A prisão foi determinada pelo Tribunal Regional Federal da 1ª Região (TRF-1) nesta quarta-feira (6) com base no entendimento do Supremo Tribunal Federal (STF) que possibilita a prisão após esgotamento dos recursos na segunda instância. Por possuir foro privilegiado, já que à época do cometimento dos delitos Cabo Julio ocupava o cargo de deputado federal, ele foi julgado e condenado originariamente pelo TRF1.

Cabo Júlio se entregou voluntariamente à Polícia Civil na tarde desta quinta-feira (7). A Vara de Execuções Criminais de Belo Horizonte determinou a ida para o batalhão, o que ocorreu durante a noite, porque o parlamentar é militar da reserva do Corpo de Bombeiros. Ele foi dispensado do uso de uniforme do sistema prisional e do uso de algemas, salvo em situações justificadas.

A Assembleia Legislativa declarou que não foi formalmente notificada e não teve acesso à decisão judicial.

No fim da manhã, a Vara de Execuções – ligada à Justiça Estadual e que recebeu a determinação de prisão da instância federal – informou que o deputado tem duas condenações que somam dez anos. Uma teve "penas convertidas em restritivas de direito" e a outra determina restrição de liberdade pelo período de seis anos em regime inicial semiaberto. A Justiça não esclareceu qual o tipo de restrição de direito, mas, conforme o advogado, trata-se de conversão em prestação de serviços à comunidade.

Há divergência sobre o tempo de pena e o tipo de crime. Nesta quinta-feira (7), o tribunal chegou a dizer que o parlamentar foi condenado por improbidade administrativa a quatro anos de reclusão e 40 dias multa. Contudo, em nota oficial, o órgão disse que as penas se referem a dois processos que estão em sigilo e, por isso, não pode especificar o crime e a condenação.

O advogado de cabo Júlio informa prazo diferente de prisão. Segundo ele, em um processo o parlamentar teve pena substituída por prestação de serviços. No outro processo, a pena foi de 67 meses detenção em regime semiaberto, que estaria sob apelação. Savassi informou também que entrou com um habeas corpus no Superior Tribunal de Justiça (STJ) contra a prisão. 
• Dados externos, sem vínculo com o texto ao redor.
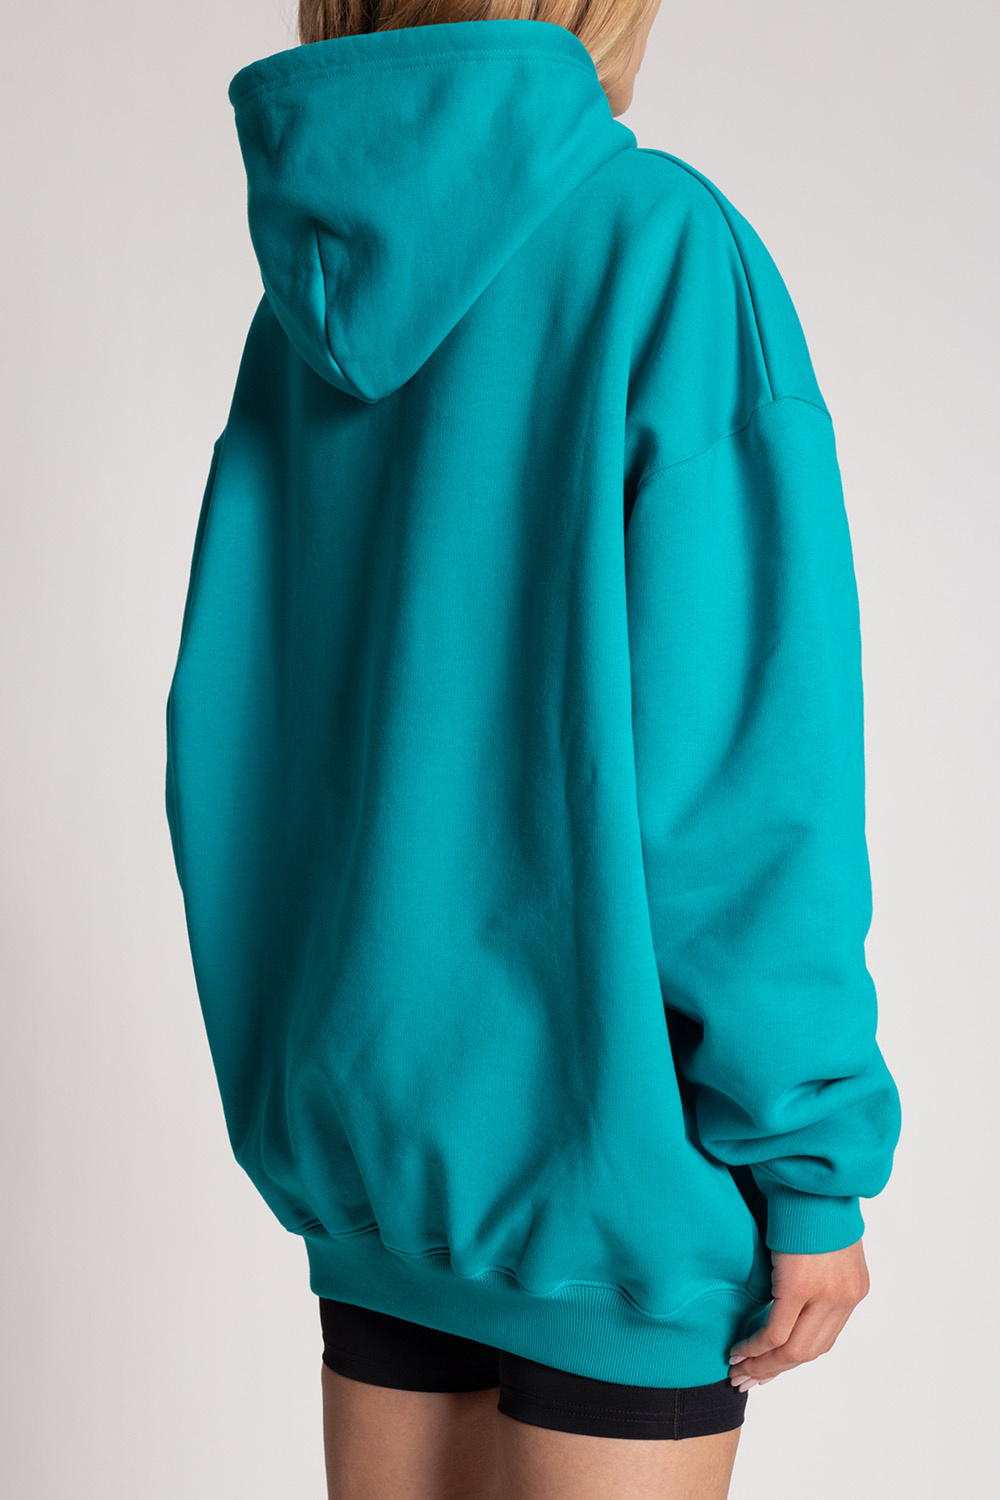 Balenciaga Oversize hoodie with logo | Women's Clothing | Vitkac
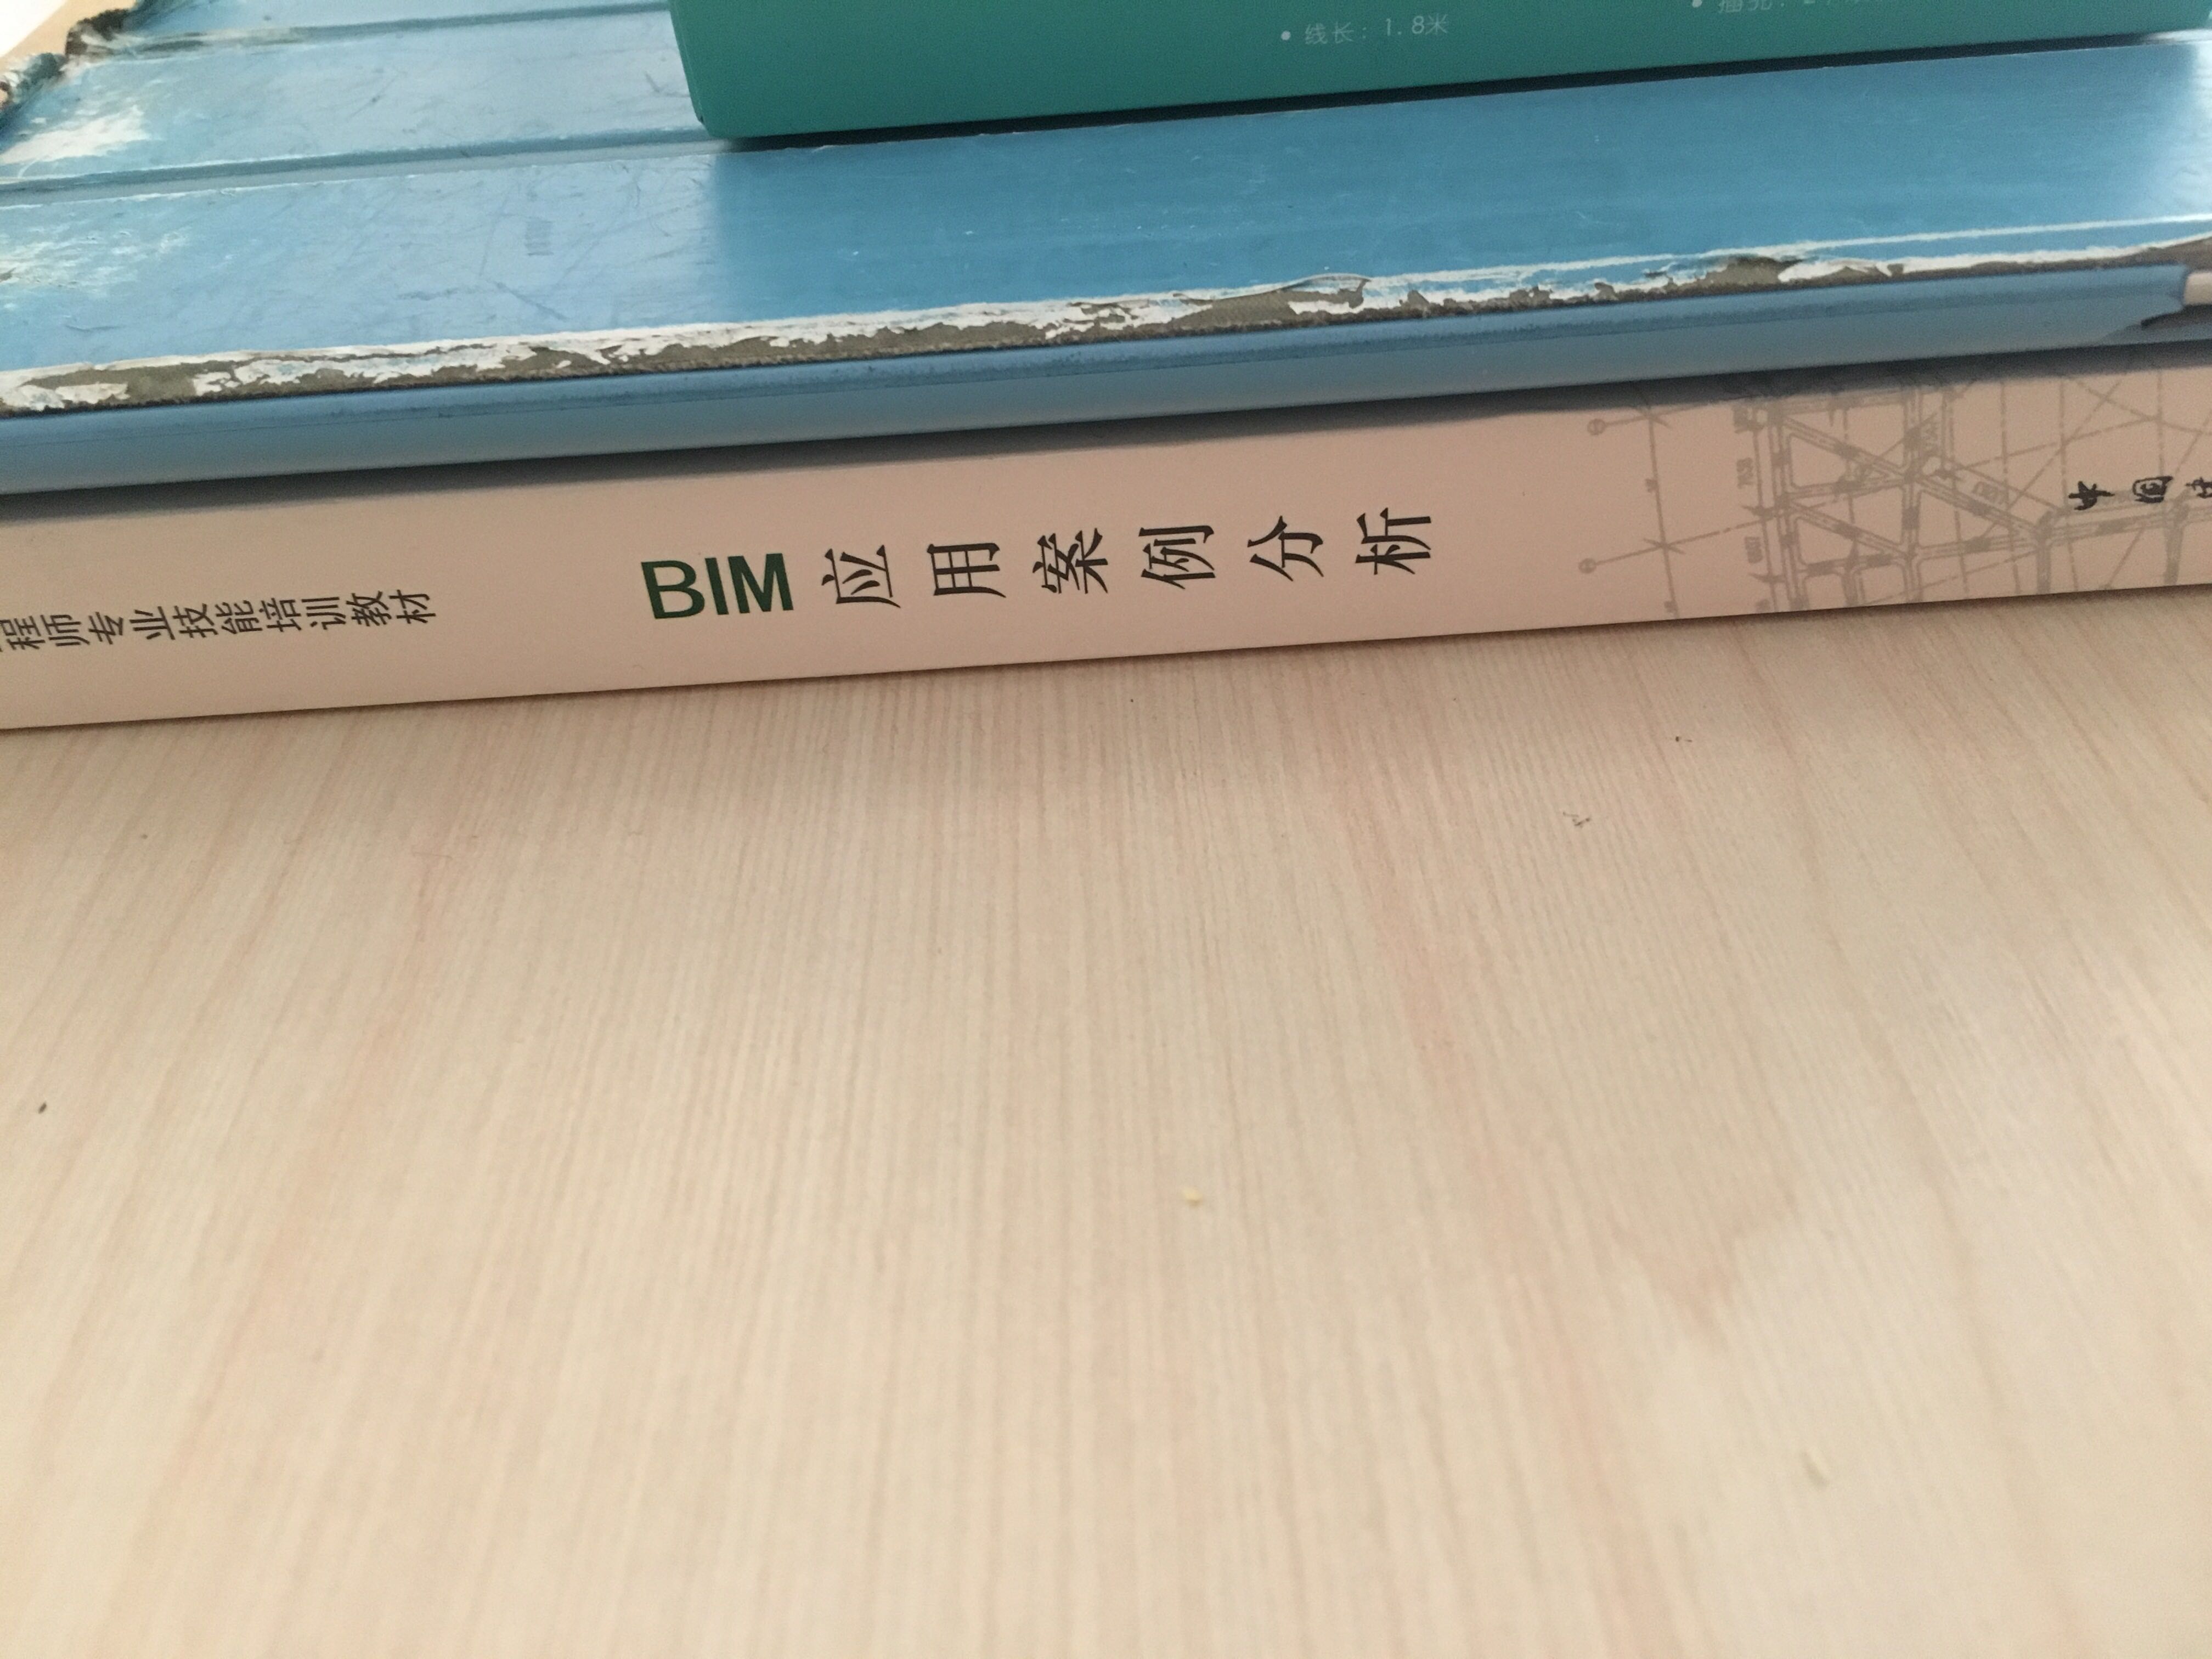 BIM案例分析的非常好，需要好好学习！建筑工业出版社靠谱！

  Em um vídeo divulgado em seu blog nesta quinta-feira (8), o deputado afirmou que era um dos dias mais tristes de sua vida e, apesar de não concordar com a decisão, tem que respeitá-la. “A Justiça entendeu que receber dinheiro de empresário corrupto também é ser corrupto. E que eu, de alguma forma, teria ajudado ele. Embora, no processo, não diga isso”, disse. Na gravação, ele afirma estar no Monte do Palmares, um local de oração em Belo Horizonte. Inicialmente, a assessoria dele havia divulgado que o parlamentar estava em agenda externa, no Norte de Minas.

Conforme o advogado, em 2002, o deputado recebeu cerca de R$ 100 mil de doação de campanha de um empresário de Mato Grosso, do ramo de ambulâncias. Essa doação não foi declarada e se tornou ilegal. Em 2006, o empresário foi preso por envolvimento na "Máfia dos Sanguessugas”.

“Em nenhum dos mais de dez processos e mais de mil audições, nenhuma pessoa ouvida declarou ter dado ou recebido R$ 1 sequer do deputado Cabo Júlio. Em todos os processos, o parlamentar não tinha envolvimento político com nenhuma das cidades”, diz trecho da nota.

A defesa também declarou que, ainda assim, a Justiça Federal entendeu ser corrupção receber recursos de fraudadores de licitações mesmo sem comprovar a participação de quem recebeu.

Segundo as investigações da Polícia Federal, deflagrada em 2006, a empresa com sede no Mato Grosso superfaturava o preço de ambulâncias em até 110%. Além disso, a empresa entregava muitas vezes veículos com defeitos ou sem todos os equipamentos.

O primeiro passo da quadrilha era contatar prefeitos. Em muitos casos, parlamentares ajudavam a cooptar prefeitos para direcionar as licitações em favor da empresa de Mato Grosso e outras firmas envolvidas no esquema. À época, o parlamentar era deputado federal.